This repository is a comprehensive, architecture-first learning package for designing OpenTelemetry-based logging and distributed event-log tracking at scale. It targets a realistic domain: a healthcare IoT platform managing ~1 million medical devices with a hybrid infrastructure spanning Kubernetes microservices and legacy on-premises systems.
This is not a toy example. Every section addresses real tradeoffs that arise at staff-engineer scale: cost, cardinality, compliance, reliability, and operational complexity.
- Staff / Principal Engineers designing observability platforms
- Platform / SRE teams building centralized logging pipelines
- Architects integrating legacy and modern systems under a single observability umbrella
- Engineers preparing for system design interviews on observability topics
- Teams in regulated industries (healthcare, fintech, government) with compliance requirements
A healthcare IoT platform with:
- ~1,000,000 medical devices in the field (patient monitors, infusion pumps, wearables, diagnostic equipment)
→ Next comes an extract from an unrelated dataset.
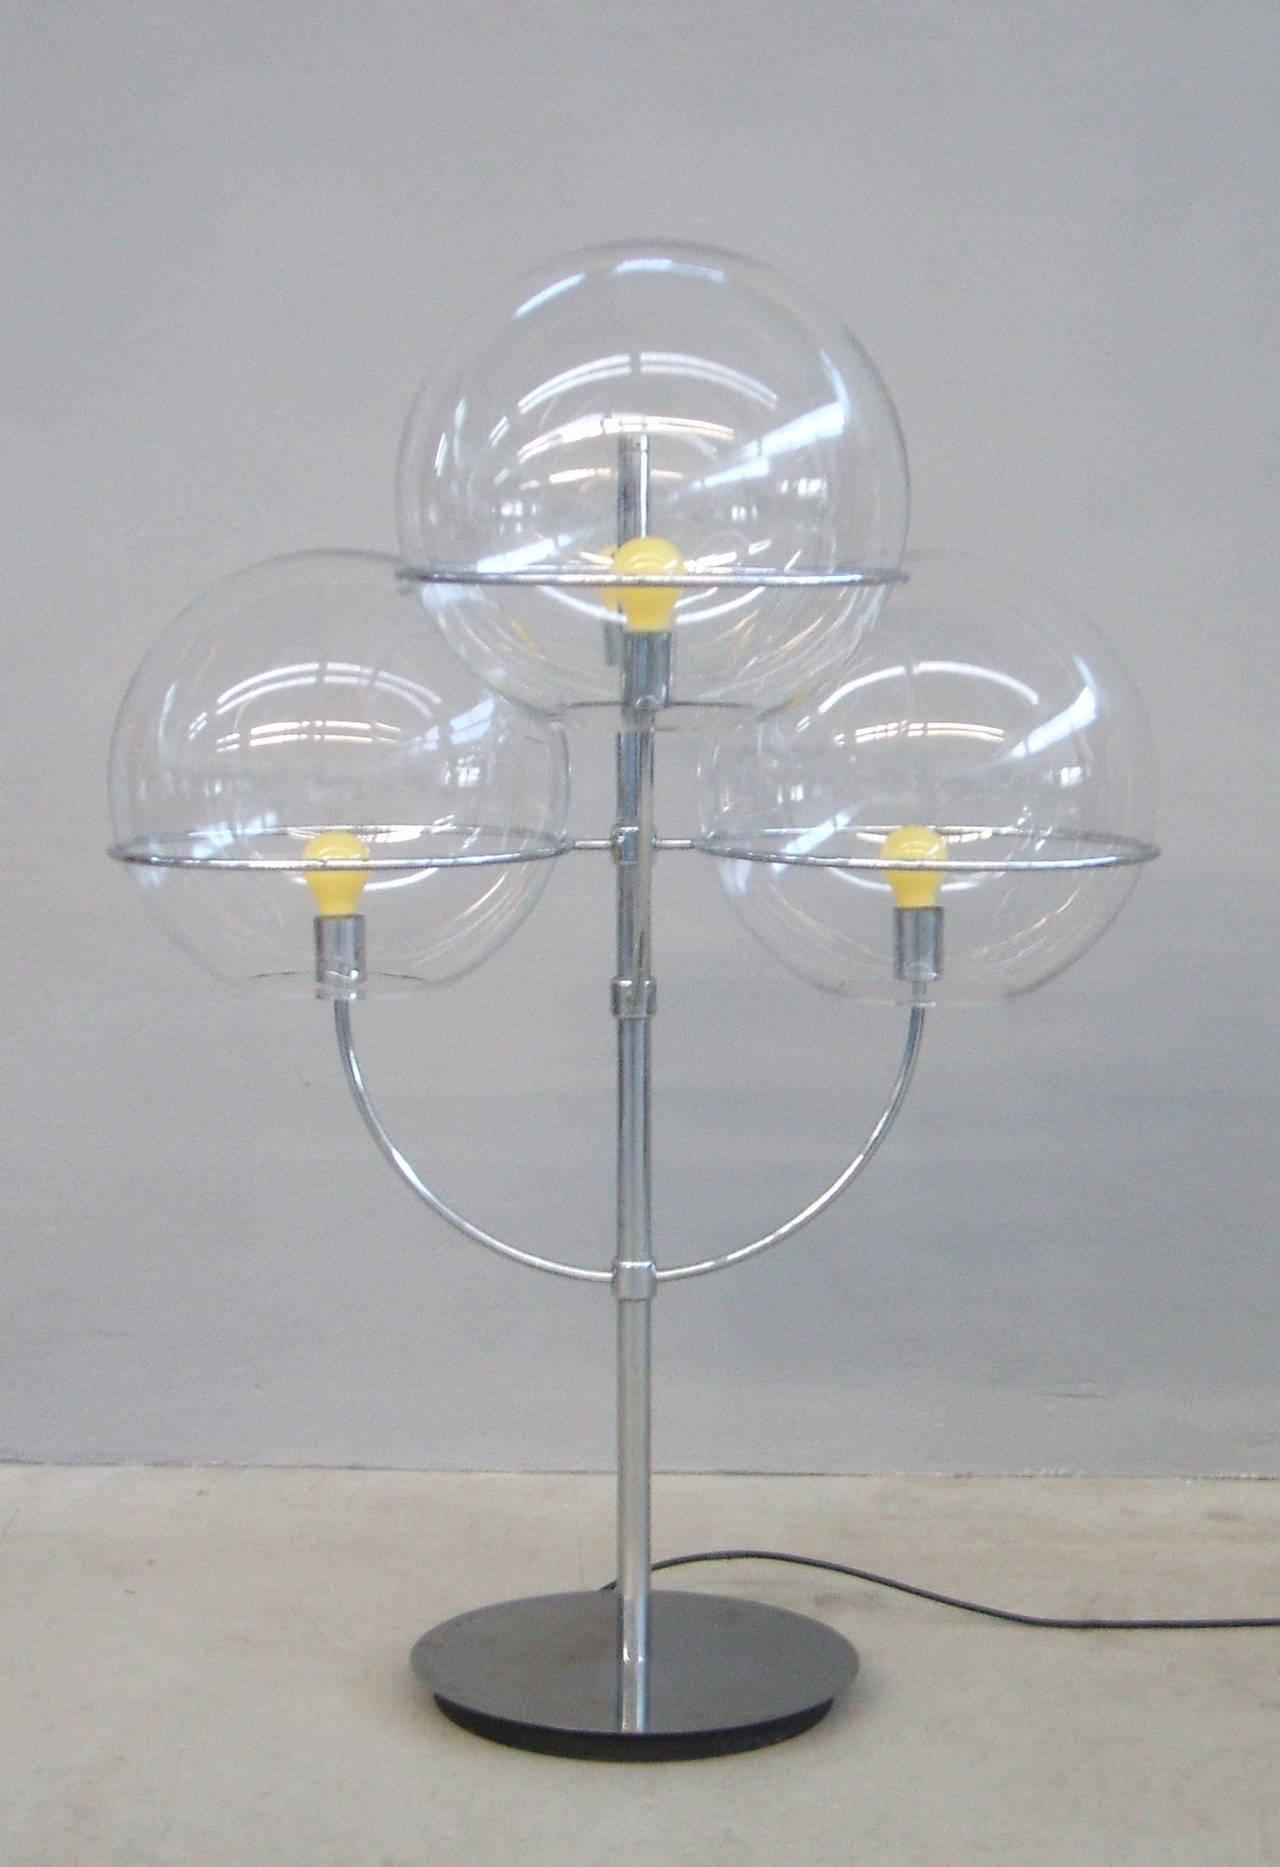 Mod 399 Lindon de sol designed by Vico Magistretti. Chrome steel and four glass reflector. Repertorio 1950-1980 pag. 450.
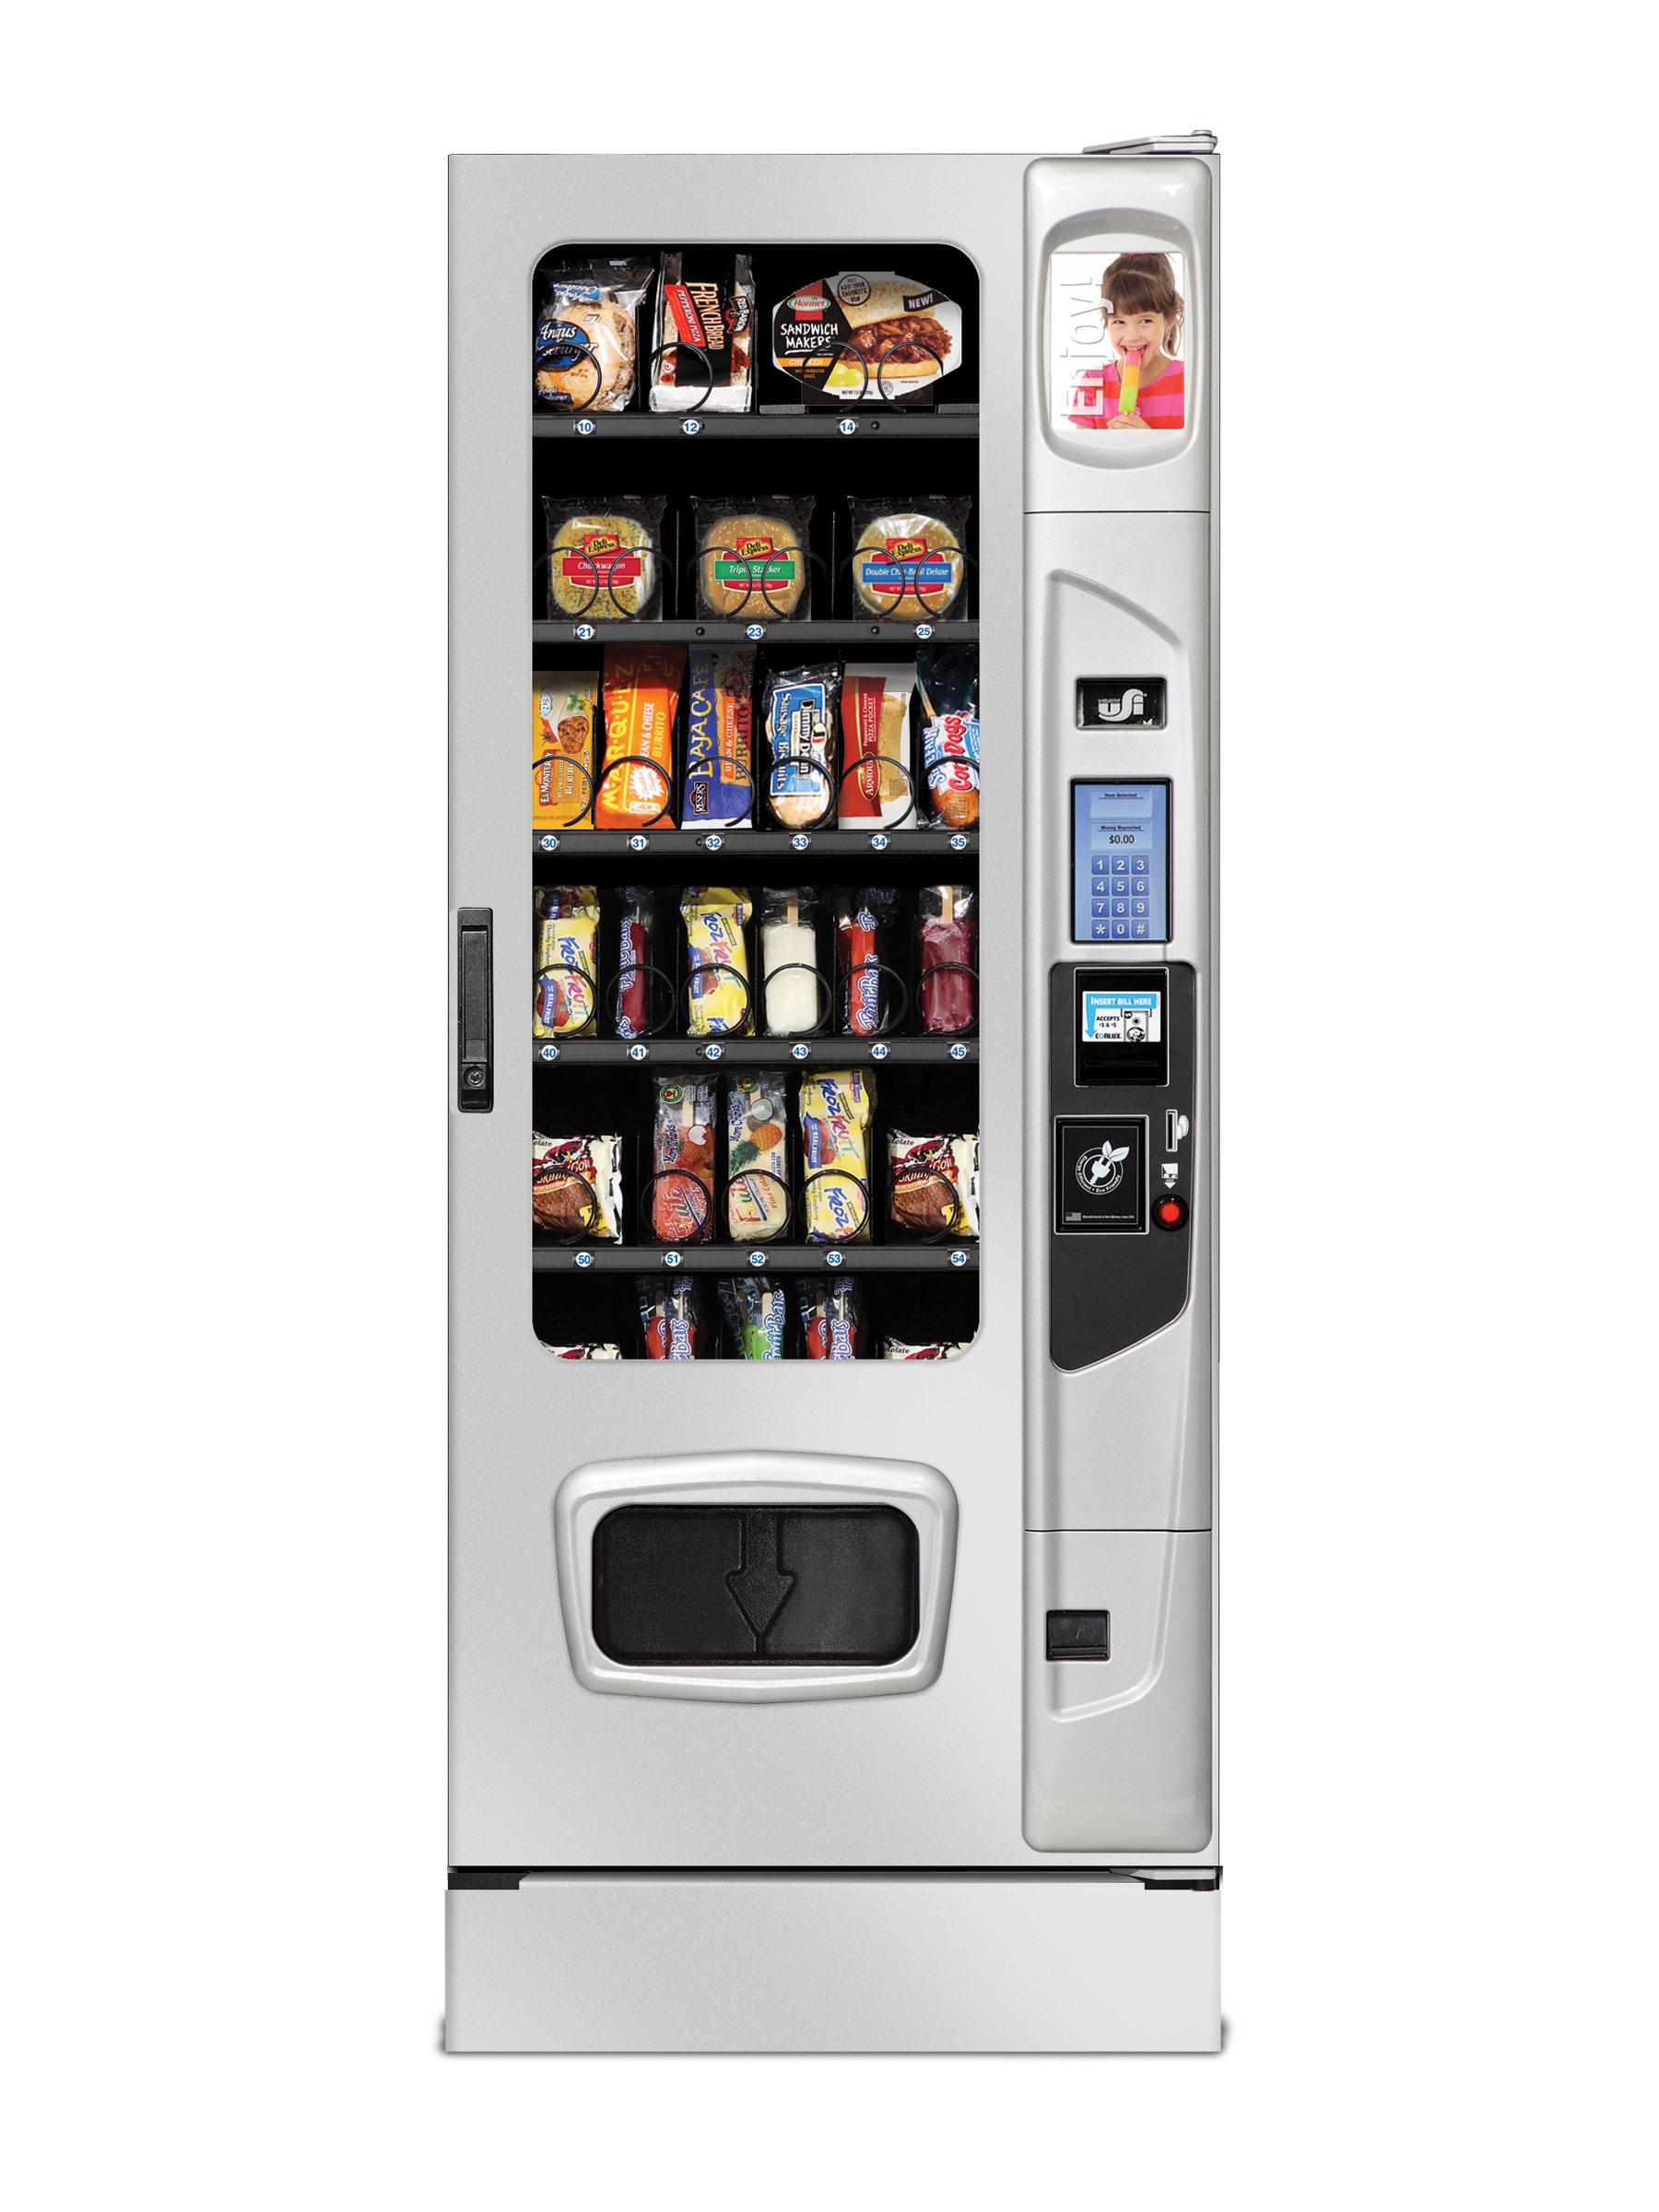 Usi Combi 3000 Southeastern Vending Services

- Devices sending telemetry and events upstream via MQTT/HTTP/gRPC
- Backend platform services running in Kubernetes (ingestion, validation, enrichment, persistence, notification, analytics)
- Some modern microservices (Go, Java, Python) with structured logging
- Some legacy services on VMs with filesystem-based plain-text logs
- Central observability requirements for operations, debugging, compliance, and incident response
- Strict PHI/PII handling under HIPAA and related regulations
This repository includes a working .NET 10 implementation that demonstrates the architecture in practice:
# Prerequisites: .NET 10 SDK, Docker, kubectl (minikube/kind/k3s)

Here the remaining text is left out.